NAFTA cost U.S. jobs and reduced wages

By Robert E. Scott

Corporations, politicians, and economists repeatedly claimed in the early 1990s that the North American Free Trade Agreement (NAFTA) would improve the U.S. trade balance with Mexico and Canada, resulting in a net gain of about 200,000 jobs in the United States.  The reality is that the U.S.-NAFTA trade deficit has soared over the past dozen years, displacing a total of 1 million jobs nationwide, with losses in every state (see Revisiting NAFTA).  Simply put, NAFTA has failed to achieve the benchmarks for success established by its proponents.  Nonetheless, many of the original NAFTA supporters as well as members of the Bush Administration and Congress have made similar claims and promises about the purported benefits of other recent trade deals, such as the Central American-Dominican Republic Free Trade Agreement and the proposed agreements with Peru, Korea, and Colombia. 

For a better understanding of the situation, it helps to review some basics.
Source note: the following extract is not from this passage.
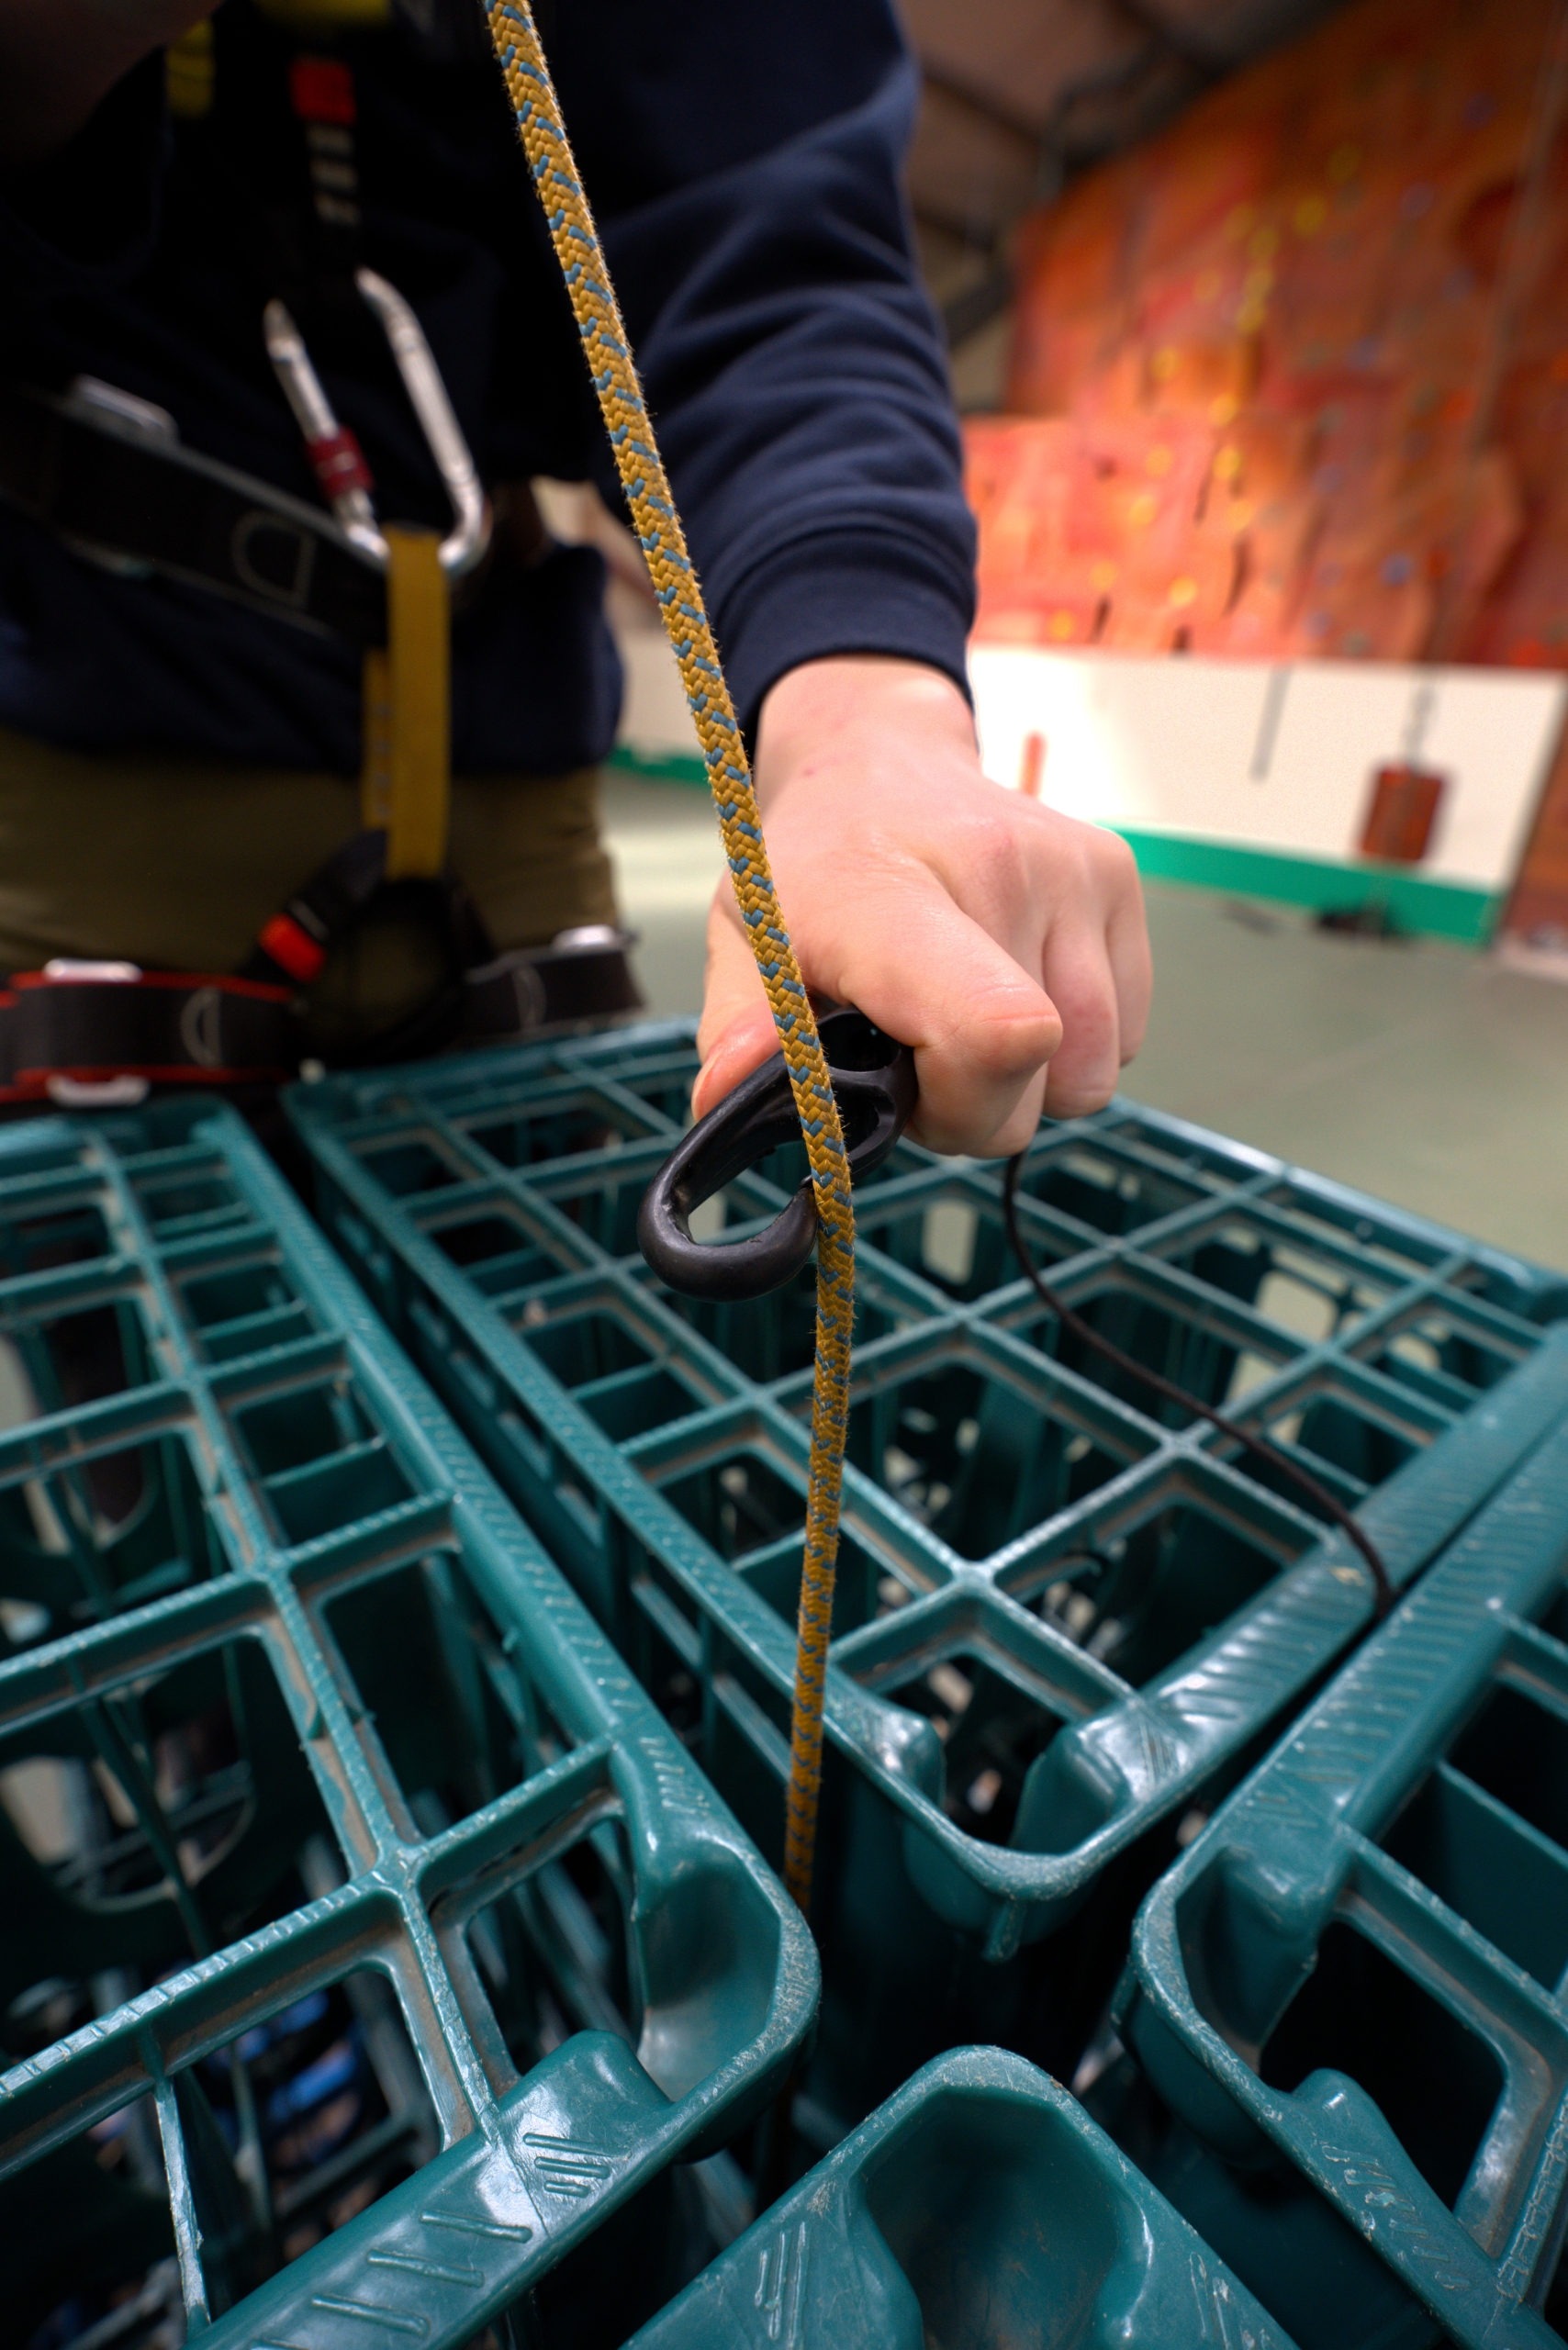 The foreground shows plastic milk crates, with a rope extending out from the middle of them, where someone's hand is clipping a black clip onto the rope.

Exports support jobs in the United States, while imports displace domestic production and jobs.  In 2004, U.S. imports from Mexico and Canada were $412 billion, while U.S. exports were only $300 billion, leaving a $112 billion trade deficit (nominal dollars).  By comparison, the U.S. trade deficit with Canada and Mexico was only $9 billion in 1993; the increase in that trade deficit through 2004 is what is responsible for displacing 1 million jobs nationwide.

Two of the biggest job losers were California (-124,000 jobs) and Texas (-72,000), as shown in the chart below.  In terms of the share of a state’s workforce that was affected, those hardest hit were Michigan (-1.4% of its workforce, or -63,000 jobs), Indiana (-1.2%, or -35,000 jobs), and Mississippi (-1.0%, or -12,000 jobs). 

NAFTA costs jobs in every state

Trade-related jobs that were displaced in manufacturing and related services industries paid wages that were 16% to 19% higher than the average job in the rest of the economy.  Growing trade deficits with Mexico and Canada have pushed workers out of higher-wage jobs and into low-wage positions in non-trade-related industries.  The displacement of 1 million jobs from traded into non-traded goods industries reduced wage payments to U.S. workers by $7.6 billion in 2004 alone.